Of course, things look different from Hollywood’s point of view. Attorneys are still arguing over whether 1950s television contracts gave the networks and producing entities rights to a homevideo future they did not foresee. The water becomes even murkier as writers who have assigned publishing rights and movie rights suddenly find they may have lost multimedia rights.
“There are a number of publishers and producers out there who are trying to hang their hats on contract clauses that give them electronic book rights as also meaning they have interactive rights,” says Richard Thompson of Silverberg, Katz, Thompson & Braun.
Take the recent battle between publishers Simon & Schuster and filmmaker Quintex Entertainment Inc. over who had what rights to “Lonesome Dove.” The publishers had rights to publish the book, and in their contract they retained electronic rights. Yet when Quintex, which hadgot the motion picture rights from author Larry McMurtry, tried to distribute an audiocassette of the mini-series’ soundtrack, the publisher cried foul.
Many agree that as these new technological fields advance, their applications could well bring some changes in U.S. copyright law.
“I certainly think there will be changes because it’s becoming so easy to copy something, you just click a few buttons,” says Rex Heinke, of Gibson, Dunne & Crutcher. “The music industry is already set up to deal with this kind of mass copying with licenses readily available, but that same kind of system does not exist for magazine, book or movie rights — or for any other copyrighted work done on a large scale.”

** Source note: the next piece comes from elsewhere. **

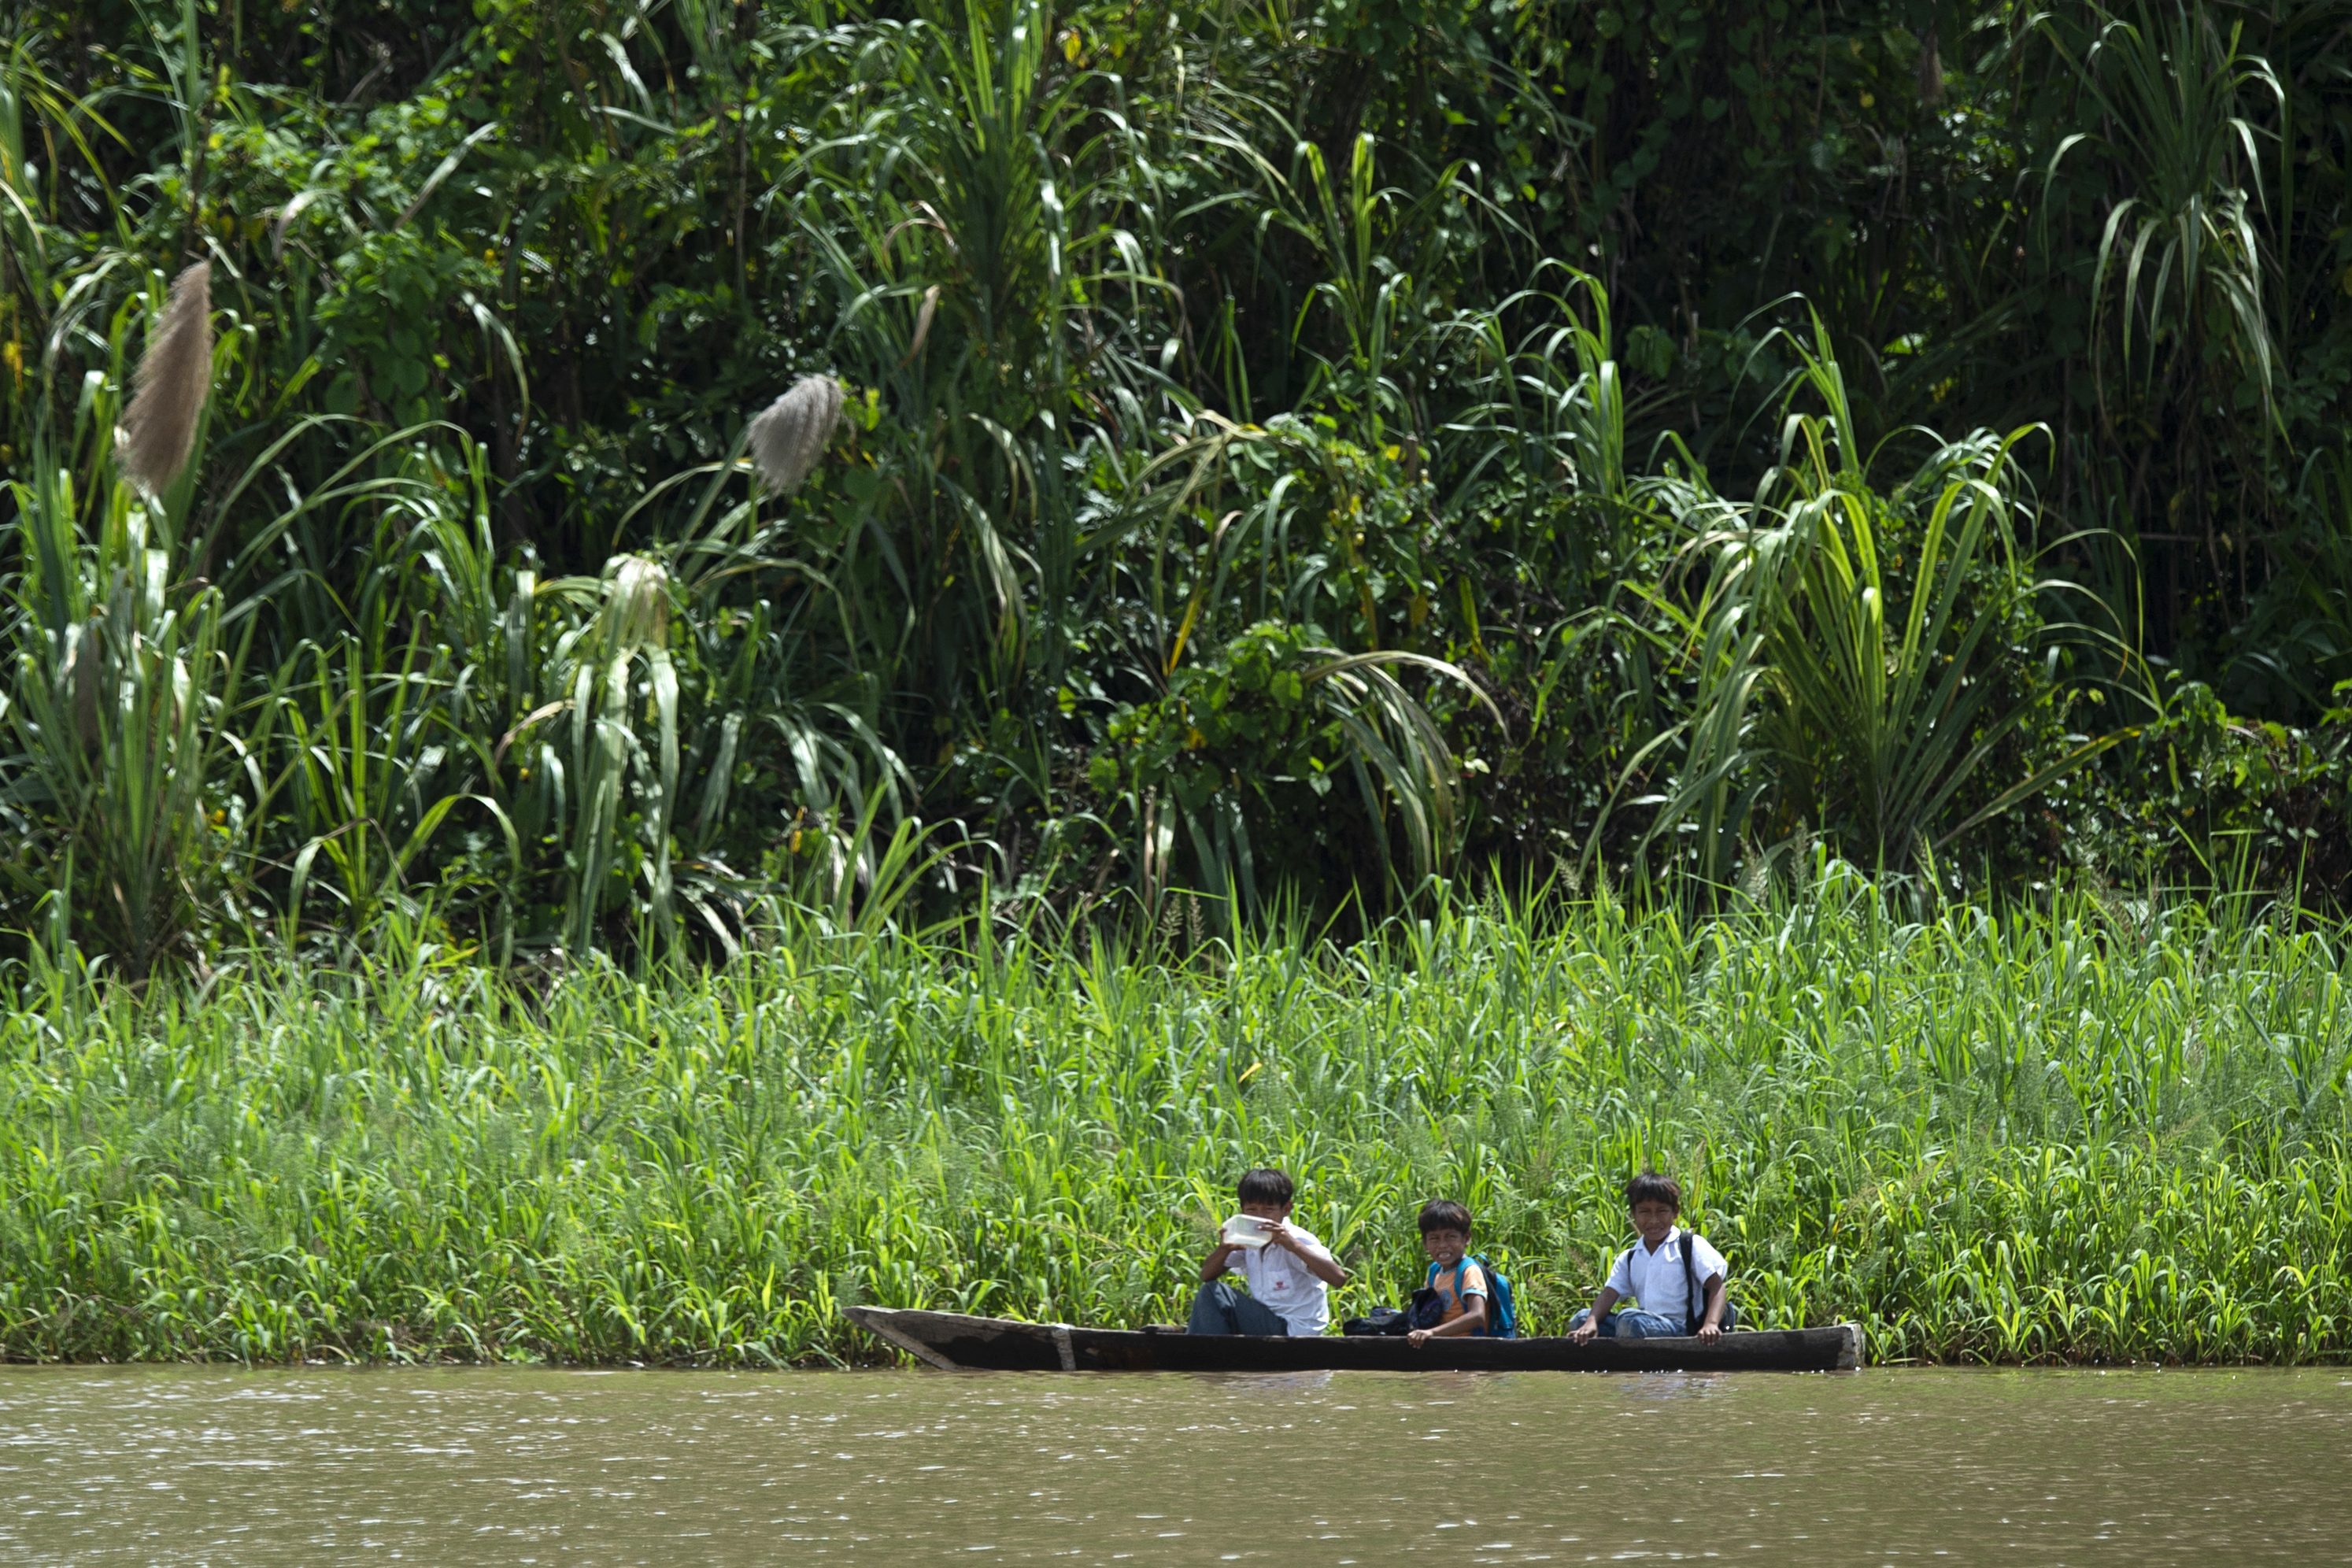 Children go to school by canoe on the Maranon River, a main tributary of the Amazon River, in the Pacaya Samiria National Reserve in May 2019. (Cris Bouroncle/AFP/Getty Images)

Even the entertainment unions are struggling to come to terms with how to govern interactive policy. The Writers Guild of America, for example, has a one-page letter of adherence specifically tailored to interactive programming, but it only requires employing companies to pay health and pension contributions on behalf of writers.
“As this field is new, the Guild wanted to allow the most amount of flexibility to producers, especially those in the computer industry, so that they would employ Guild writers,” says Joel Block, union director of industry alliances.
And the computer software people they are dealing with are, for the most part , somewhat naive when it comes to copyright issues and talent compensation. After all, many of the fast-trackers are computer whiz kids who concentrate on the little screen, not the big picture.
“We’re still seeing a lot of the fly-by-night computer people just going ahead and using pre-existing material without getting permission and then dealing with it later,” Thompson says.
If the copyright issue is not complex enough, there’s also a number of broad patents raising their ugly heads. In the last year, a number of sweeping patents have been filed on software that have a direct impact on interactive TV and multimedia enterprises.
“A company called Compton’s New Media filed a patent last November that claims ownership against databases that access text, graphics, music … anything that can be interpreted as multimedia,” says Jeanine Parker, president-elect of the non-profit International Interactive Communications Society. “And to the surprise of everyone, the U.S. Patent and Trademark office granted it.”
Compton’s publishes a popular encyclopedia on CD-ROM discs. Its patent — which the U.S. Patent and Trademark office overturned late last week — was broad enough to apparently cover the entire practice of accessing such multimedia information, which would mean hundreds of millions of dollars in licensing fees for the company.
“Right now we have a system that is not sophisticated enough to analyze these patents appropriately,” Parker said.